Allon Raiz, CEO at Raizcorp | image supplied
1. You’re leading with the deal
Too many entrepreneurs open their pitch with, “We’re asking for R3m for 20% equity,” without first making a case for the value of the opportunity.
This kind of thumb-sucked valuation – unbacked by evidence – instantly undermines credibility. Investors want to understand the market, your experience and the probability of success before they hear your ask. And when you do get to the numbers, they need to be grounded in real, researched assumptions – not fantasy maths.
Lead with substance, not speculation, and leave the deal discussion until the investors are actually interested.
2. You’re selling the idea instead of your team
Ideas are everywhere. What investors want is execution and that comes down to the people behind the pitch.
Many entrepreneurs focus solely on their concept, forgetting to highlight their own experience or their team’s capabilities. But investors are backing you, not just your product.
Emphasise your team’s relevant expertise, why you chose them and how they’ll help you navigate challenges.

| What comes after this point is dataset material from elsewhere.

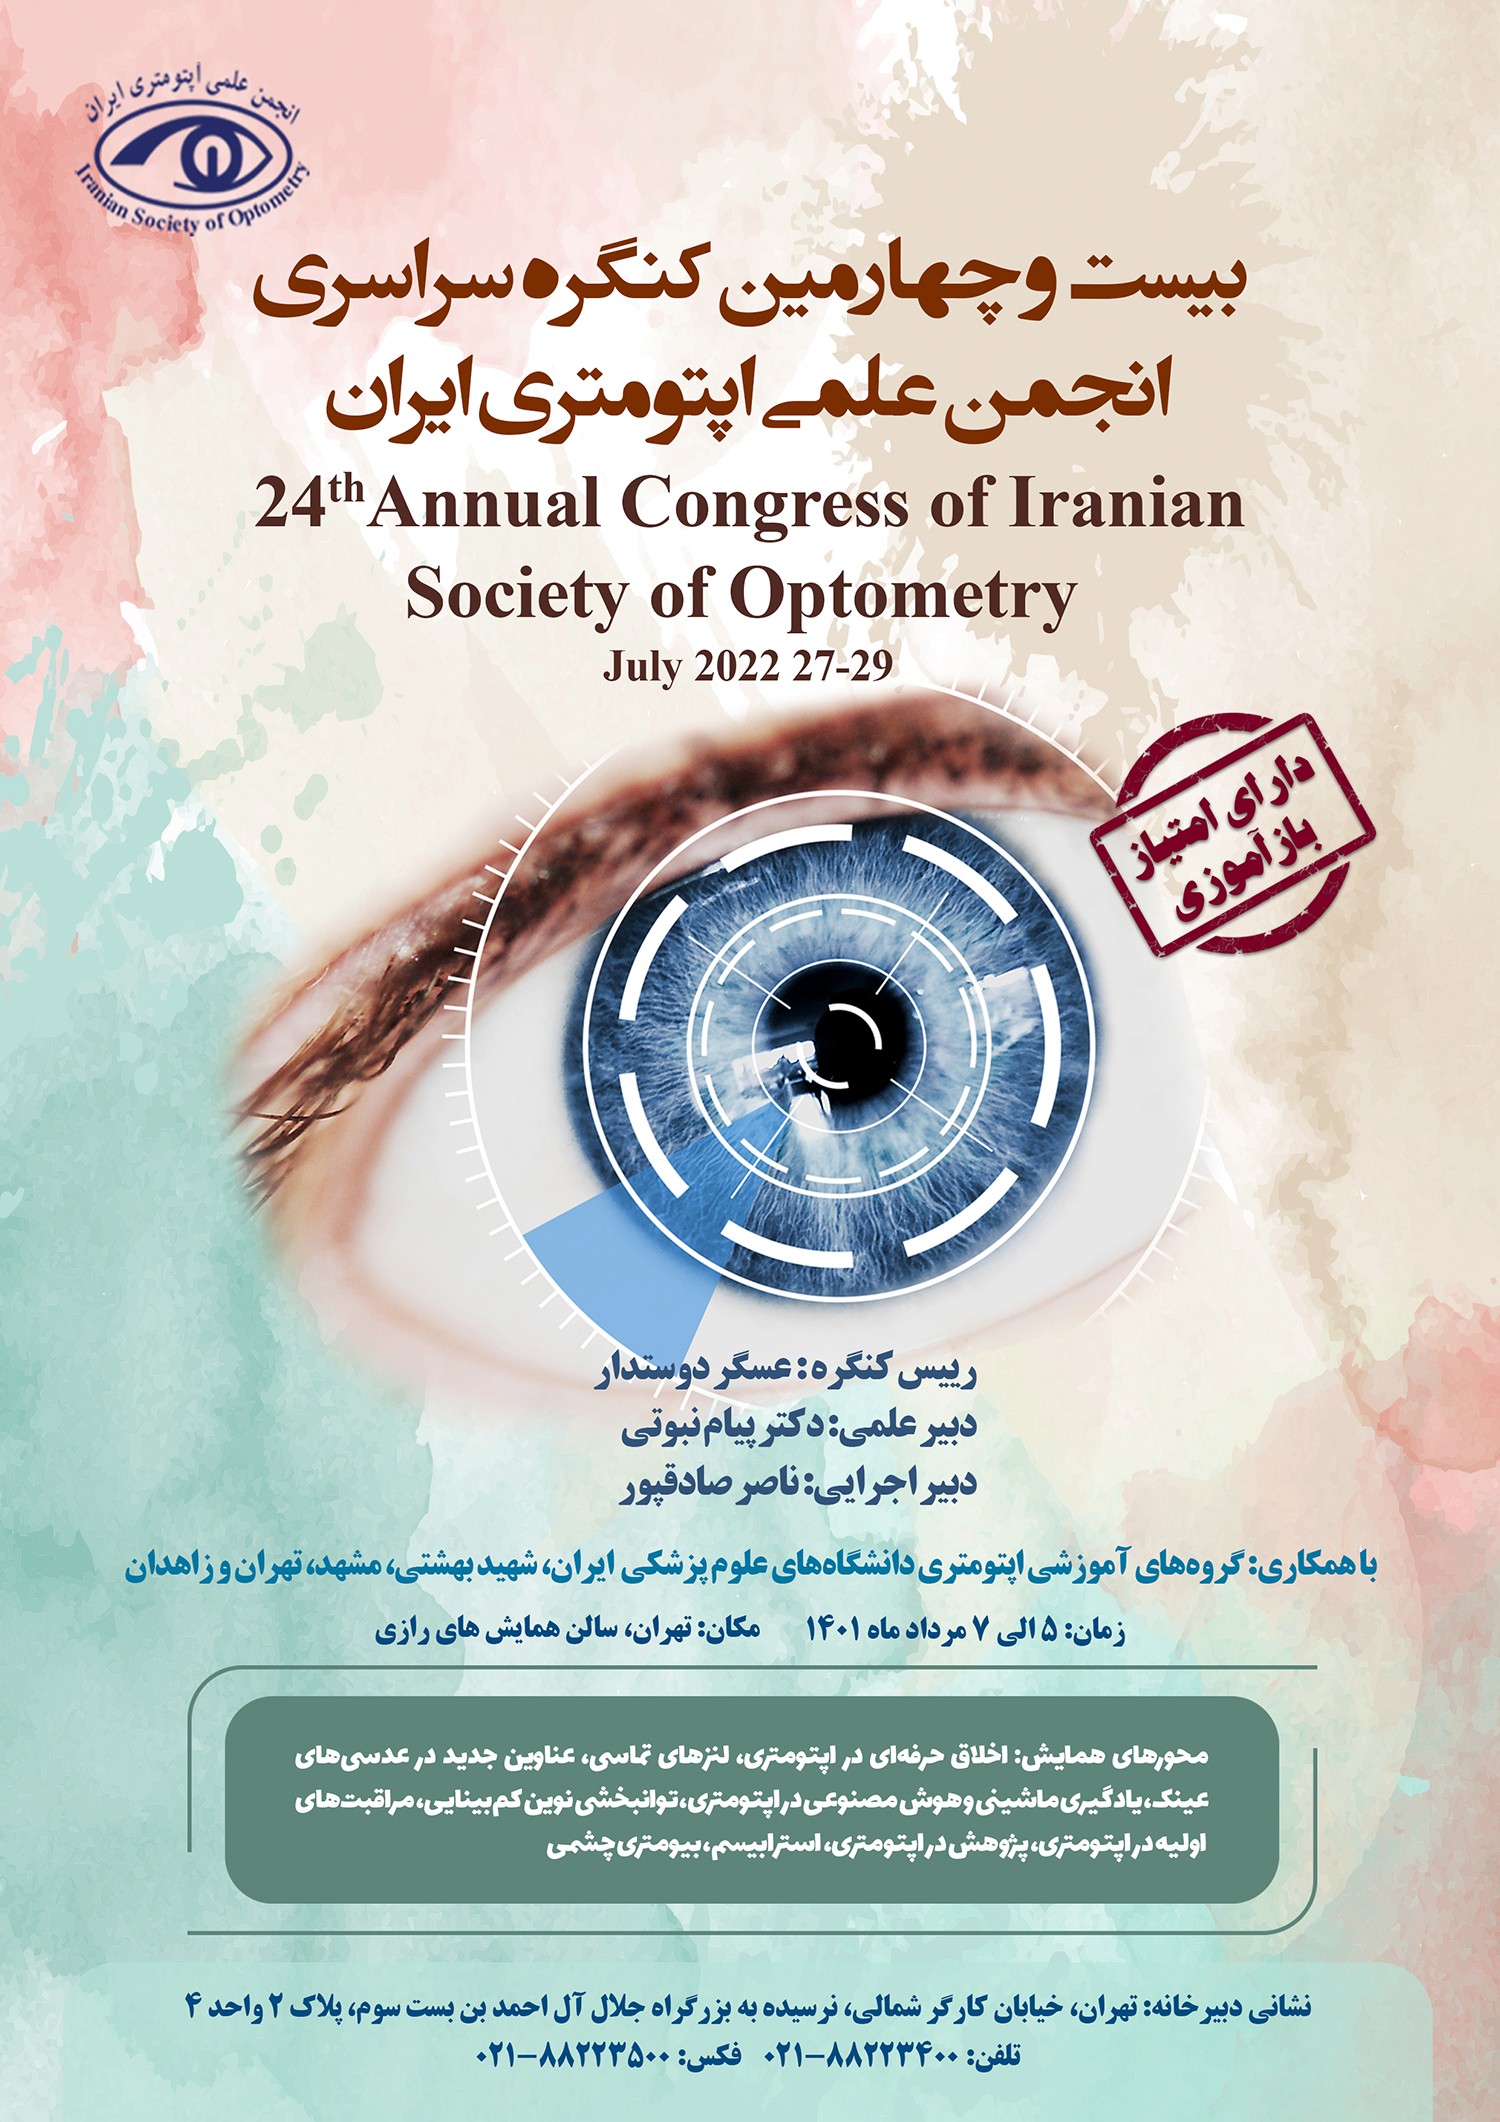 24th Annual Congress of Iranian Society of Optometry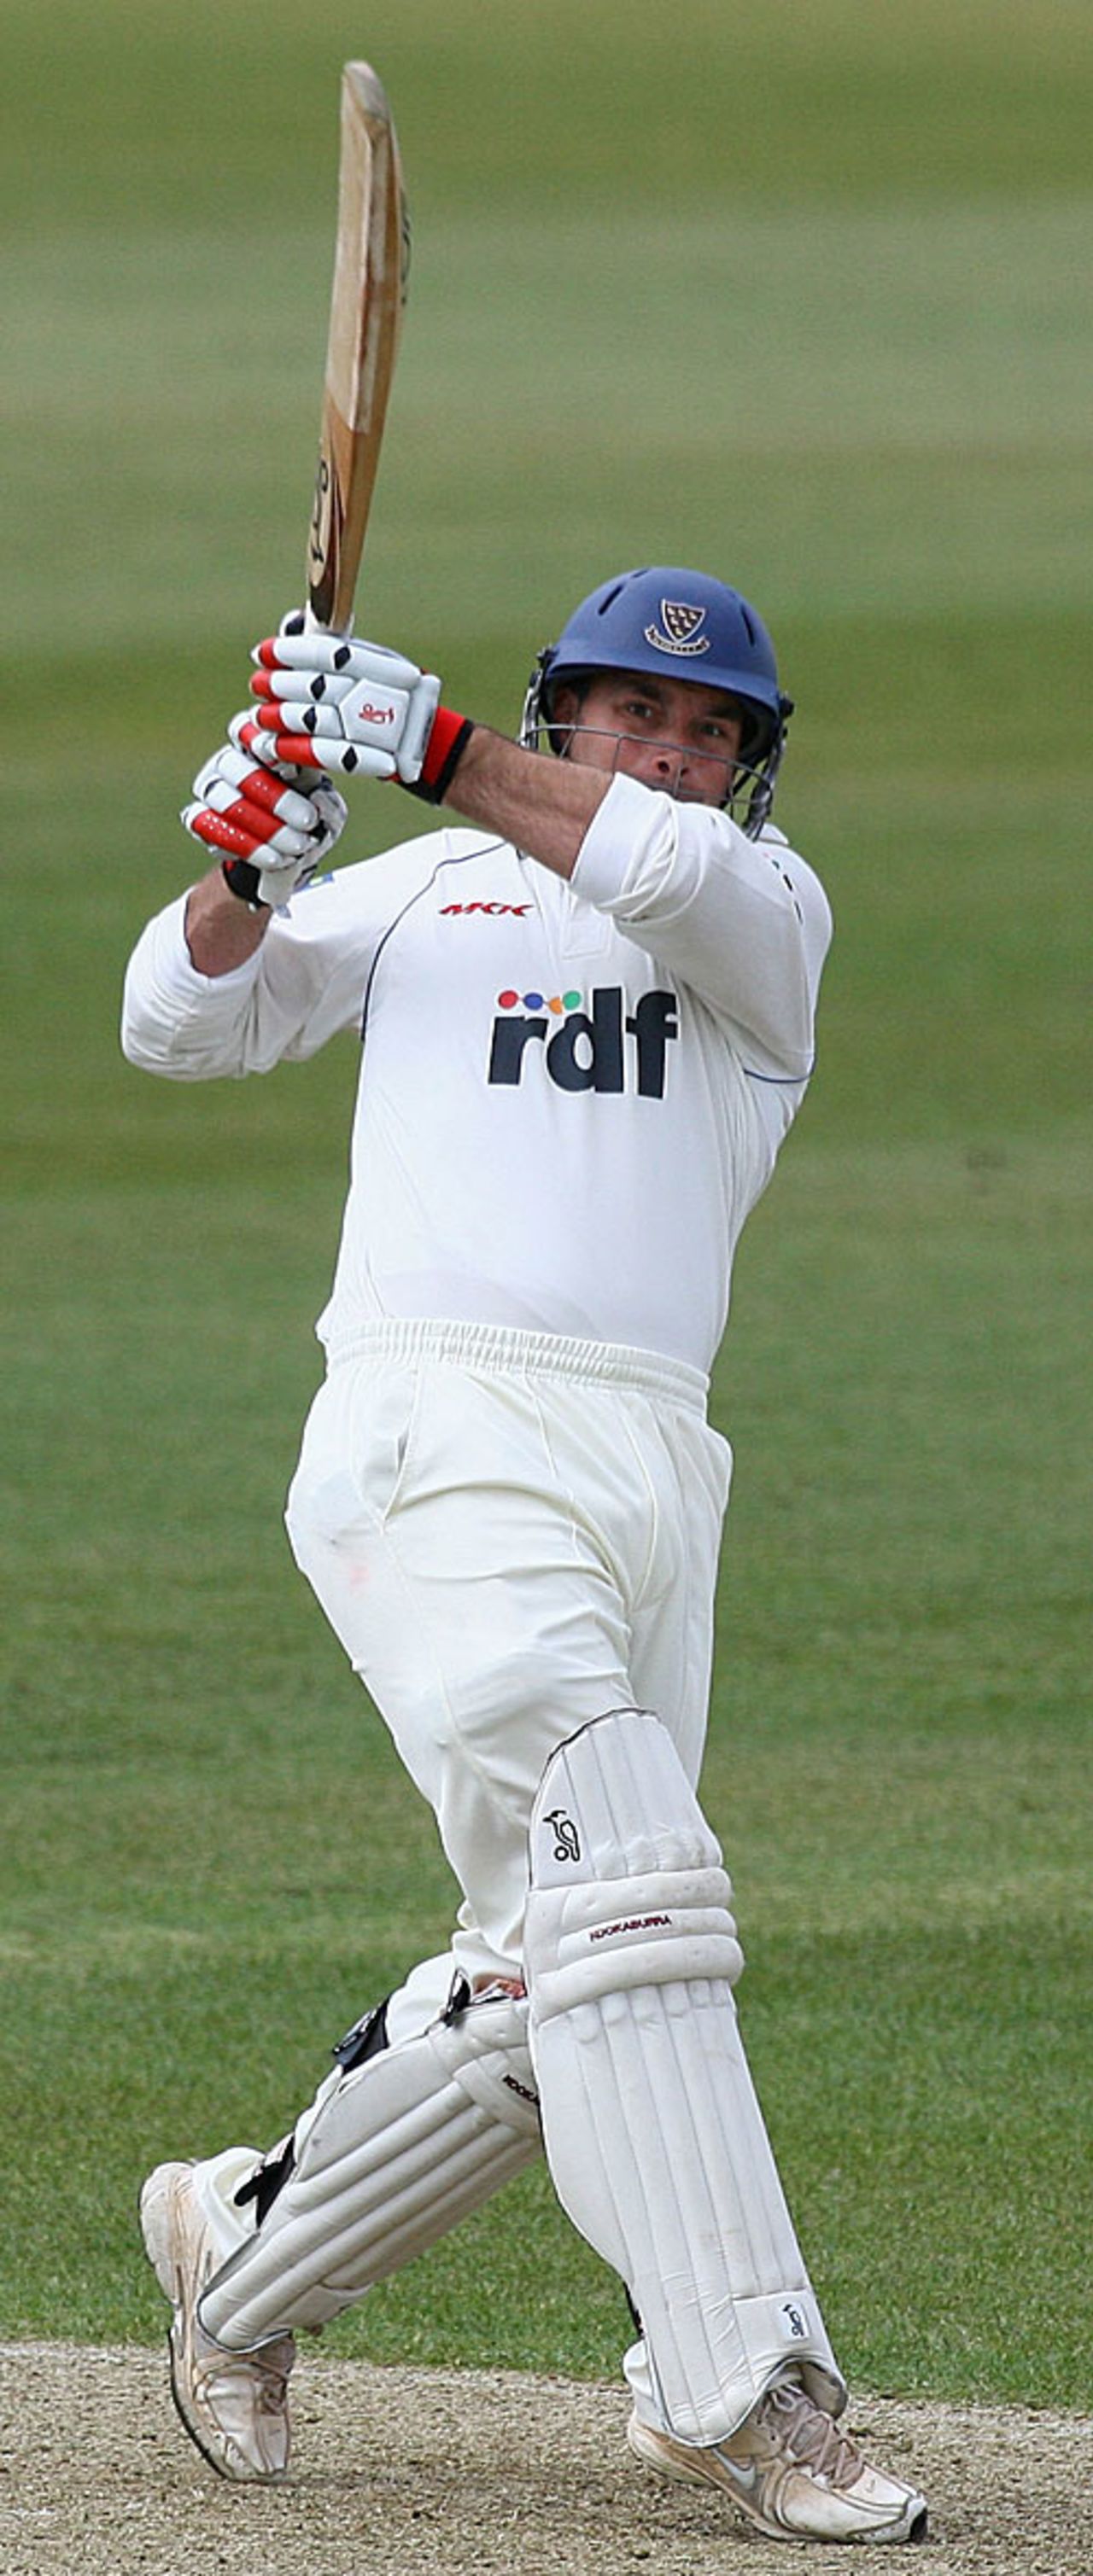 On his toes, Michael Yardy pulls off the front foot, Hampshire v Sussex, Southampton, April 16, 2008

Investors would rather invest in a mediocre idea that has a robust team behind it, than in a great idea that has a mediocre team. Show you’ve got the people to make it happen.
3. You’re claiming you have no competition
Saying, “We have no real competitors,” is one of the fastest ways to lose investor confidence. Every product or service competes – for attention, money or time.
Smart entrepreneurs show both direct and indirect competitors, and position themselves clearly using tools like a competitor map. What makes you different? Where do you sit on the price vs. quality or benefit scale?
A thoughtful competitive analysis proves you understand your market and gives investors confidence that you’re ready to win in it.
4. You’re not being specific
“If we just get 5% of the market…” is vague, lazy and unrealistic. It glosses over how hard it is to gain even a tiny bit of market share, especially against dominant incumbents. Instead of speculative percentages, talk specifics.
Who are your target clients? How many units will you sell, to whom and at what cost? Investors want to see clear, grounded thinking – not hopeful back-of-the-napkin maths. Precision builds trust. Generalisations break it.
Pitching isn’t just about confidence – it’s about preparation, clarity and strategy. Avoid these four missteps, and you won’t just sound like a better entrepreneur – you’ll be one.